I've never wanted children and I would go around saying so starting when I was about 9 or 10 (according to my dad). I've never found joy in children or their antics. I don't like all the stuff associated with kids. I have no desire for my bloodline to continue. We have a bad family history as far as cancers and heart disease go as well as mental illness. Aside from not wanting kids, I wouldn't want to pass on any of those traits.


----------



## Hathor (Dec 31, 2009)

Tina said:


> I think the real shame is that no matter _what_ a woman does she is screwed and wrong. And the worst thing is when other women lay guilt trips on fellow women. It's bad enough that society as a whole and those men who believe they know what a woman's place is puts their puny two cents in gets disdainful and judgmental, but when it's fellow women, to me it seems even worse.



I'm nearing 3-0 and already I'm getting crap from so-called friends who are wondering when I'm going to get a guy, get married, have kids, buy a farm. I have one friend who is 10 years older than me who just bought a house, has 5 cats, and is completely self sufficient all without a guy or kids. She loves her life and even she is still receiving flack from so-called friends about her having kids before she's 40 and getting married. 

I wish more people would understand that kids aren't for everyone, y'know.. But I'm glad you said what you did, Tina, because women are definitely the harshest judges of character like that. 

Lord knows I am quite judgmental towards other women, but never to their faces.

I also wanted to say that I have a married friend who is incapable of getting pregnant the regular way and may have to have donor eggs to conceive. She's devastated and is putting herself through hell to have a family because of everyone around her (family, in-laws...sans husband) is telling her she needs to have kids now before she's 30. She's going to put herself in the nuthouse if she continues like that. Sheesh.


----------



## Shosh (Dec 31, 2009)

I always thought that I would have a child, but the choice has been taken out of my hands due to not being physically well enough.

Since I have had my dog however, I never think about having a child anymore.

Is it selfish to say that I actually prefer having a dog, to the idea of having a child now?

I think the older I get, the less appealing the idea of having a child got anyway.

I am so used to my peaceful and quiet life, and doing as I please, when I please, that I think I could not handle any change from that.

When I hear a child screaming or crying I tense up, and feel stressed. I want to get as far away from the child as possible.

It is strange because I worked with children for so long, but I have been away from it a while now, and I just cant deal with it anymore at all.

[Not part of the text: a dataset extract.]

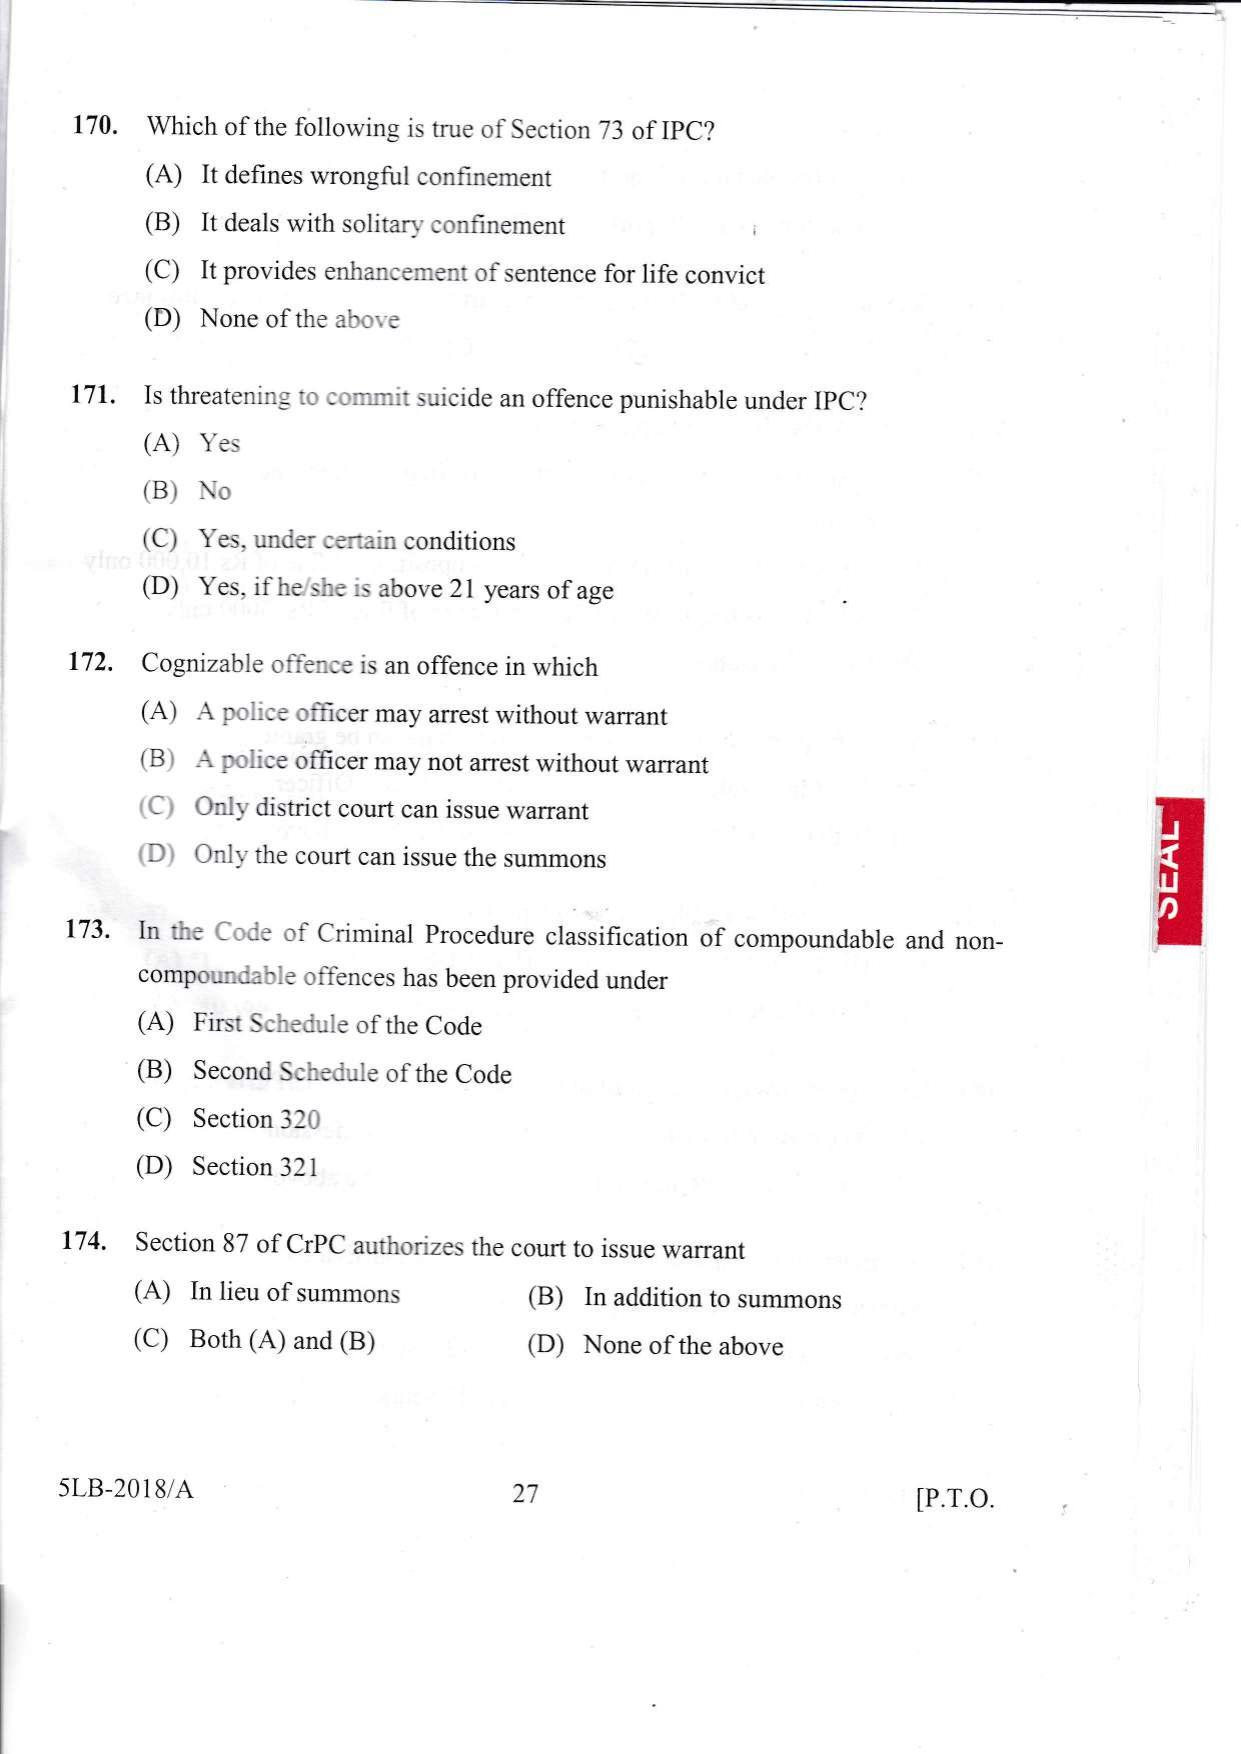 KLEE 5 Year LLB Exam 2018 Question Paper - Page 27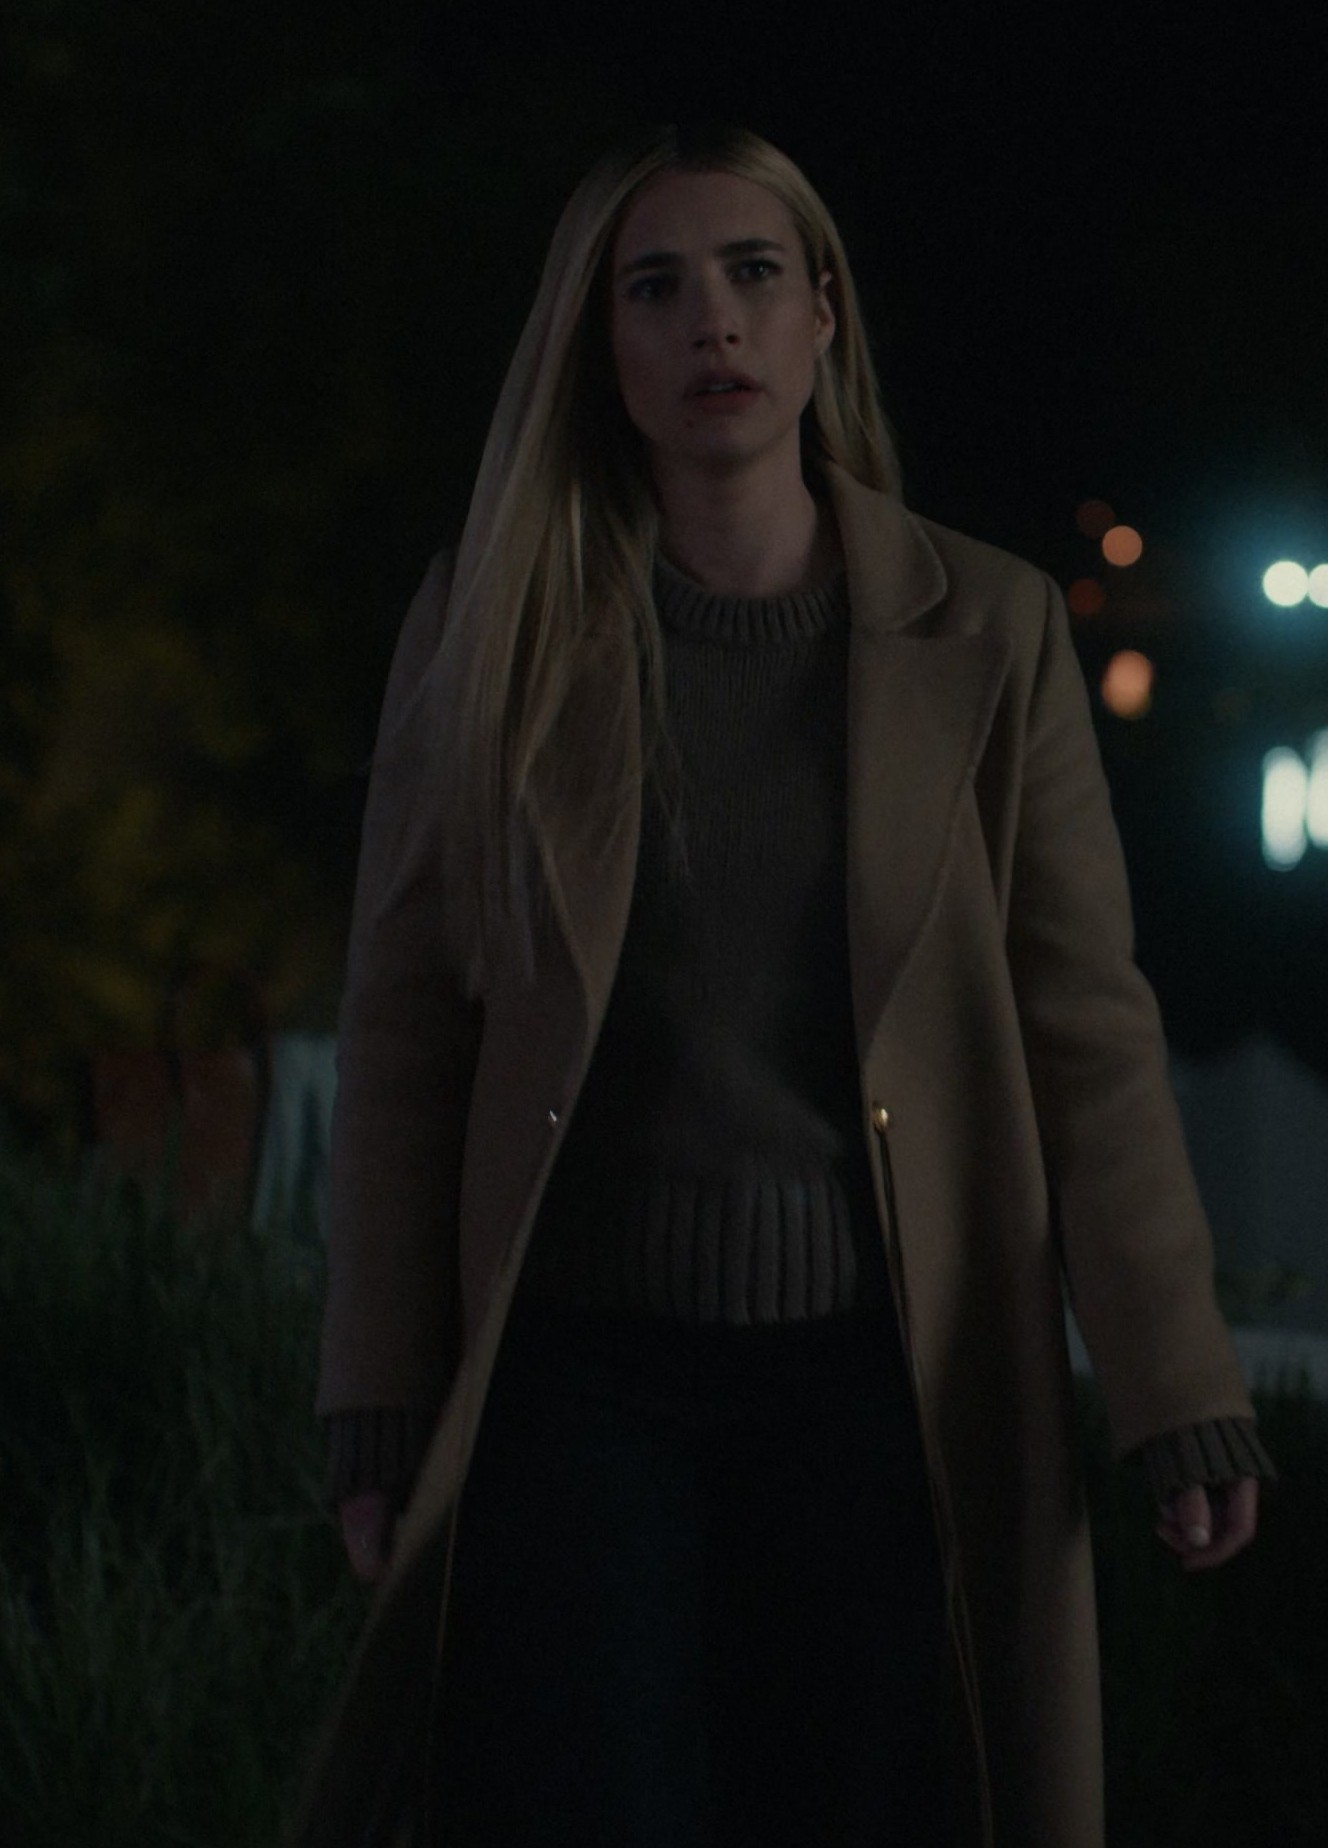 Worn on American Horror Story TV Show - Tailored Beige Overcoat with Gold Button Details Worn by Emma Roberts as Anna Victoria Alcott

I love being an Auntie, but no, no children for me.


----------



## LillyBBBW (Dec 31, 2009)

Shosh said:


> I always thought that I would have a child, but the choice has been taken out of my hands due to not being physically well enough.
> 
> Since I have had my dog however, I never think about having a child anymore.
> 
> ...



I'm right with you Shosh. I'm watching my younger sister now and observing the living hell her life has become. She's been sick for 4 months now. She gets sick, then gets sick again -- the baby gets sick and childcare wont take him so she's got to miss work and stay home with him. This is now her second job and like the other one before it, it's in jeopardy too. He's 2 now. He tears stuff down, pushes stuff over, darts off at a fast run suddenly wanting to be chased. He never stops moving, stamps his foot and hollers "NO", throws tantrums, wont do what he's told, speaks at a shout at all times and never... goes... to... sleep. He is the reason I think they should sell Chloroform over the counter. I love him to death but right now I'm thinking... dog. A nice dog.


----------



## Shosh (Dec 31, 2009)

LillyBBBW said:


> I'm right with you Shosh. I'm watching my younger sister now and observing the living hell her life has become. She's been sick for 4 months now. She gets sick, then gets sick again -- the baby gets sick and childcare wont take him so she's got to miss work and stay home with him. This is now her second job and like the other one before it, it's in jeopardy too. He's 2 now. He tears stuff down, pushes stuff over, darts off at a fast run suddenly wanting to be chased. He never stops moving, stamps his foot and hollers "NO", throws tantrums, wont do what he's told, speaks at a shout at all times and never... goes... to... sleep. He is the reason I think they should sell Chloroform over the counter. I love him to death but right now I'm thinking... dog. A nice dog.



Lol.

Maybe we childless women are onto something Lilly, like wanting a peaceful and sane life.

My sister has 11 year old twins, and she has been through hell with them.

Marcus is two now also like Kent, and his latest thing is asking my brother if it is ok to kick the baby, Gigi who is four months old.

She has a round head, and it must look like a ball to Marcus.

My brother was of course like " No, we don't kick the baby" 

Another thing regarding all this is that I really have lost interest in entertaining children. I really do not want to have to constantly keep a child entertained. It is just boring and tiresome to me now.

Of course I will play with my nieces and nephews, but other people's kids? No.

I want my time to be spent doing the things that I enjoy, and I want the time to be peaceful and quiet.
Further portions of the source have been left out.